As Alphabet invests in AI and other priorities, including substantial resources allocated by CEO Sundar Pichai, the company has undergone operational scrutiny, leading to layoffs in various areas. Pichai has hinted at potential further layoffs in the coming year.

In the fourth quarter, Google’s cloud unit, closely monitored for its performance, reported an operating profit of $864 million, more than doubling analysts’ expectations. However, Google Cloud still trails behind competitors like Microsoft and Amazon in the cloud computing market.

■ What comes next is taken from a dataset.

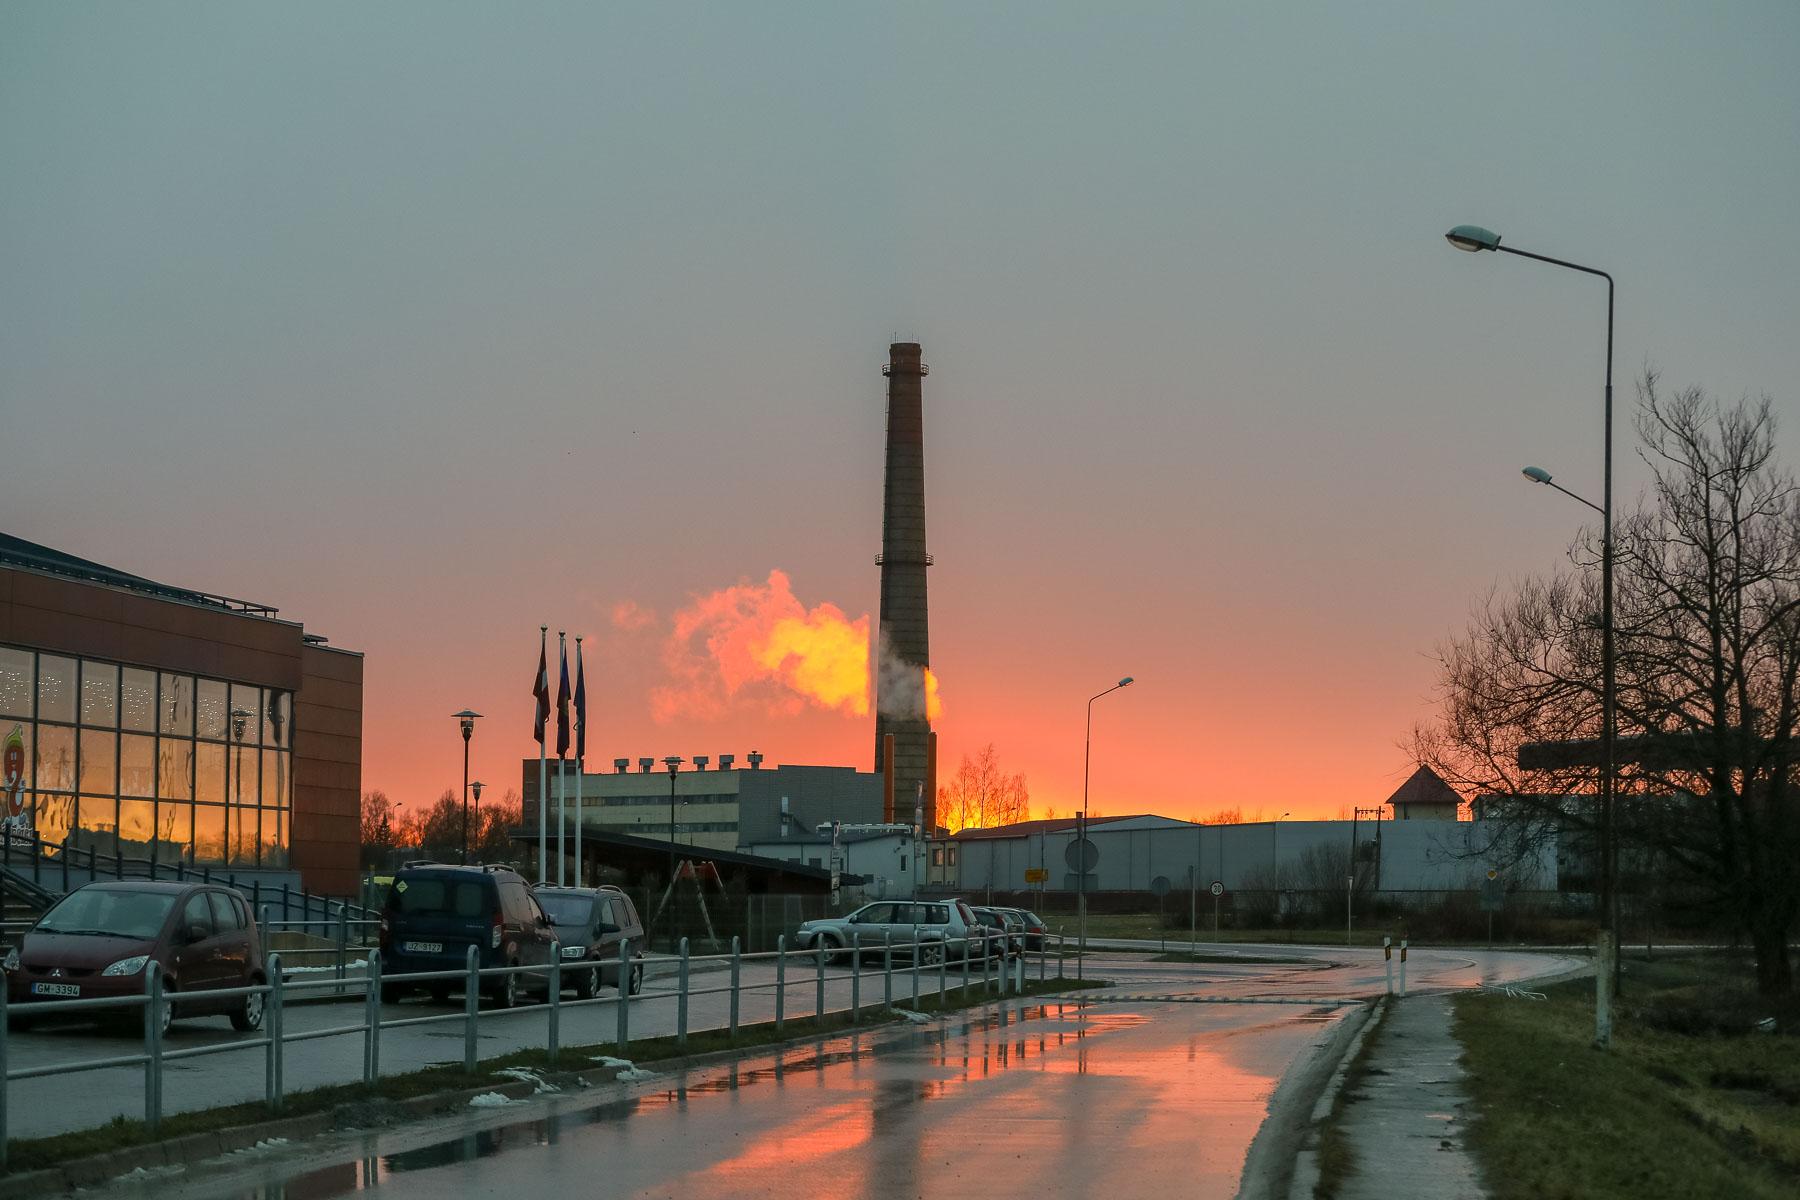 Landscape-cityscape-photography-jelgava-latvia-blocs-blocks-flat-post-soviet--Советские-квартиры-спальный-район-Латвия-город-фотограф-natalia-smith-photography-0092.jpg

Alphabet’s push into AI has come with increased costs, reflected in a rise in capital expenditures, attributed directly to AI investment. Capital spending is expected to be significantly larger in the current year compared to 2023.

Despite efforts to diversify beyond its flagship product, Google, Alphabet’s Other Bets unit, which includes ventures like Waymo and Verily, reported $657 million in revenue while operating at a loss of $863 million. This loss was less than the projected $1.3 billion.

YouTube, another major business under Alphabet, reported $9.2 billion in revenue, slightly exceeding analysts’ estimates. Meanwhile, the Google Network business, responsible for serving ads on other parts of the internet, experienced a 2 per cent revenue decline to $8.3 billion, setting the stage for an upcoming antitrust trial later this year.